First off, hnetd was team effort - me, Pierre Pfister and Steven Barth.

Secondly, I did not particularly want to promote hnetd but 'existing 
implementations are bad, boo hoo' argument gets old and I think e.g. 
https://github.com/jech/shncpd is also quite sufficient. I use even 
https://github.com/fingon/pysyma 'in production' even now (admittedly not HNCP 
bits of it, but DNCP + SHSP :->).

On 09.11.2018, at 2.03, Ted Lemon <[email protected]> wrote:
> The issue with the code (IIRC) is that it requires cmake to compile, for no 
> obvious reason, and cmake is hard to get working, so e.g. building it on 
> MacOS X is a major porting task.   And it depends on libraries that I don't 
> have.   And there's no layering of the configuration system aspect of the 
> architecture—it just goes and bashes on interfaces and stuff (this is my 
> recollection—I haven't looked at it in a year or so).

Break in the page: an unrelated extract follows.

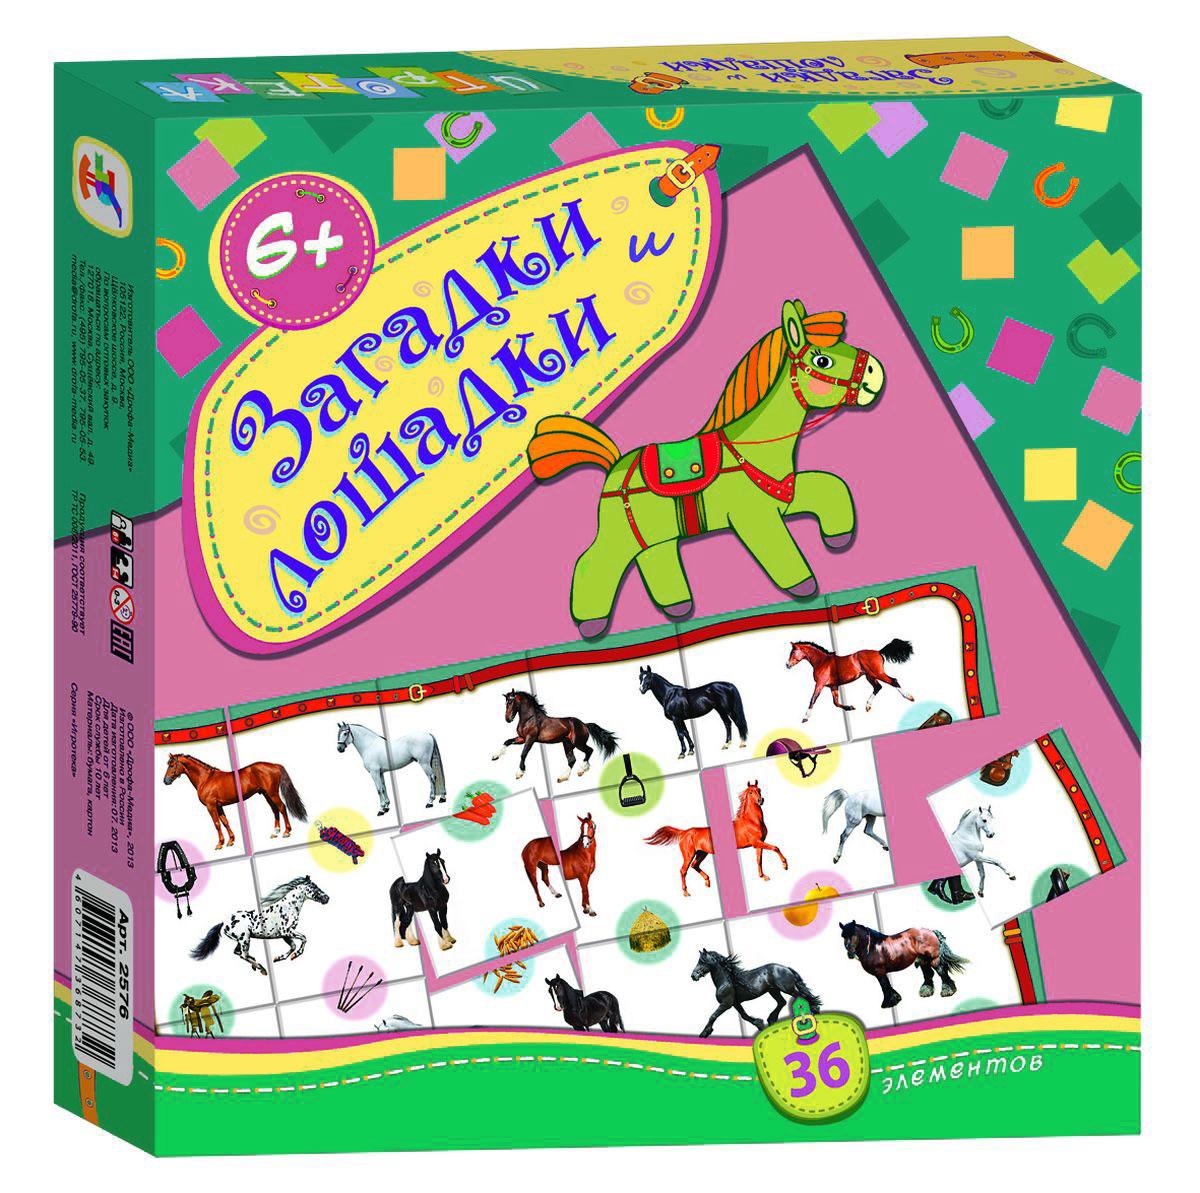 Дрофа-Медиа Пазл Загадки и лошадки2576Пазл Дрофа-Медиа Загадки и лошадки станет отличным развлечением для всей семьи. Сложите детали головоломки так, чтобы половинки картинок соединились. Целая картинка получится только в том случае, если каждая карточка займет свое единственное место. Собрав пазл, состоящий из 36 элементов, вы получите изображение множества лошадей. Играть можно одному или в компании друзей до 4 человек. Игра направлена на развитие логического и ассоциативного мышления, мелкой моторики рук, творческих способностей, воображения, внимания, памяти, сообразительности.

There's some distinct parts that have well defined interfaces (as far as those 
'well defined' go in C anyway) - DNCP (dncp_*), /HNCP code (hncp_*), prefix 
assignment code (pa_*), and operating system (platform_*) are all pretty 
loosely coupled.

I have compiled the DNCP(/partial HCNP) bits on OS X with relatively minor 
modifications for my hobby project for example.

> These are not bad things that Markus did.   Markus was doing what he needed 
> to do to get it running on OpenWRT.   But these are real issues, which are 
> preventing me from using the code.   For someone who is not an HNCP expert to 
> hack on the code is difficult, and would require substantial work.   I could 
> do it, but I have other things I'm working on.   If the code were more 
> modular, I could experiment with it.   This is the problem I was trying to 
> express.

I have used it also unmodified on plain Linux number of times. If you want to 
use it on something more esotreic, I could bet on OS X port being doable but as 
lots of HNCP value comes from interfacing with system servers, I do not see 
anyone writing platform interface for it.

I am curious about what 'more modular' code looks like. Separate DLLs? Single 
function call API between modules? Possibly made out of Lego bricks?